How damn stupid do you have to be to believe this argument?

So Deborah Orr tells us all about how her mother worked her fingers to the bone running the household, how poverty meant she never had, despite father working 6 days a week, store bought clothes or a takeaway. And she doesn’t have to do that, no one does these days in fact. Then:

Yet, despite all these profound and fundamental changes, the definition of what is “full-time” work and what is “part-time” work hasn’t altered. Red Pepper magazine points out that “Keynes thought that by the 21st century we would all be working about eight hours a week and getting paid liveable wages for it. The history of human progress up until fairly recently has been people working less and less, and having more time to actually live and enjoy life. The triumph of neoliberal doctrine has reversed this – and to the benefit of nobody.”

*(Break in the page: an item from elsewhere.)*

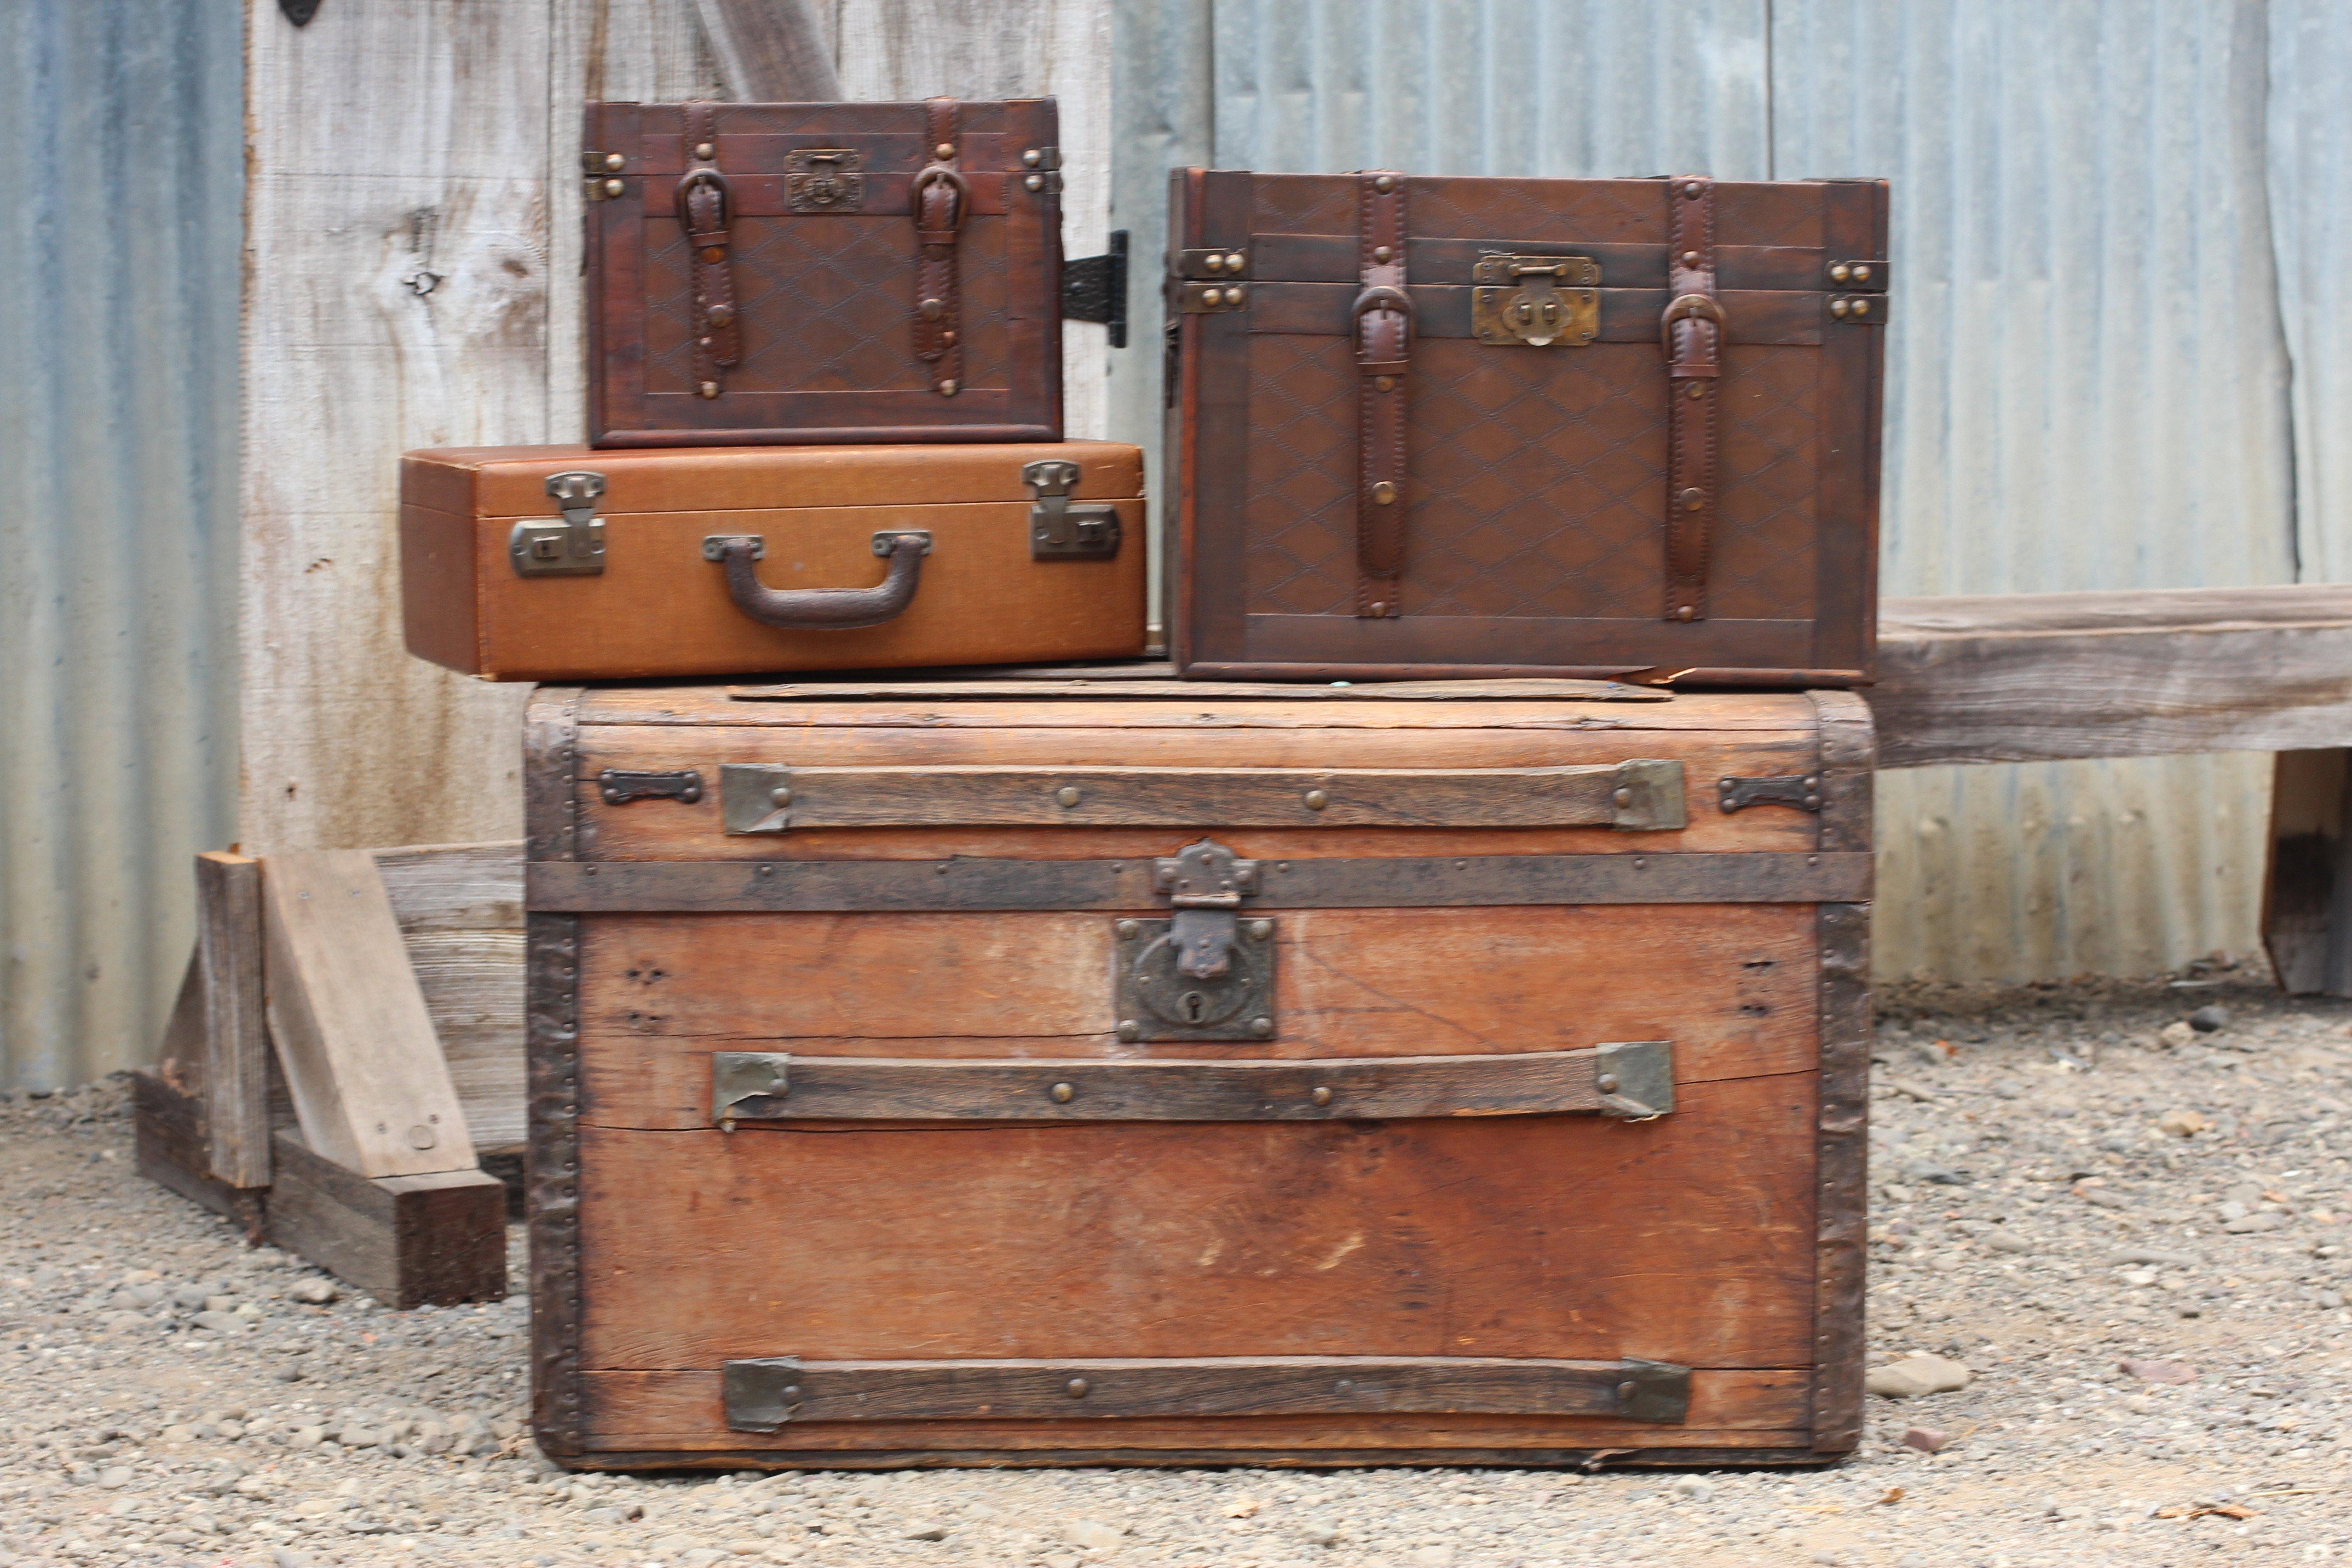 Vintage Trunk/Suitcase Rentals

And what is “neo-liberal doctrine” anyway? Essentially it’s that people should be paid as little or as much as the market can bear, without social intervention of any kind. That’s it. That’s what human life should be all about, according to the dominant ideology of the age. Then we wonder why social problems are so endemic. People don’t exercise enough. People don’t cook enough. People don’t spend enough time with their children. People don’t read enough, to themselves or their kids. People don’t volunteer enough. It’s hard to look after the elderly. People drink too much. People watch too much TV. Why? Because people are at work, and if they’re not at work, then that’s the biggest of all the problems. The way we live our lives needs fundamental restructuring. Time is precious. But you wouldn’t think so, not at all, not from looking at the average earnings people get for spending precious time at work.

How damn stupid do you have to be to believe both parts of that argument?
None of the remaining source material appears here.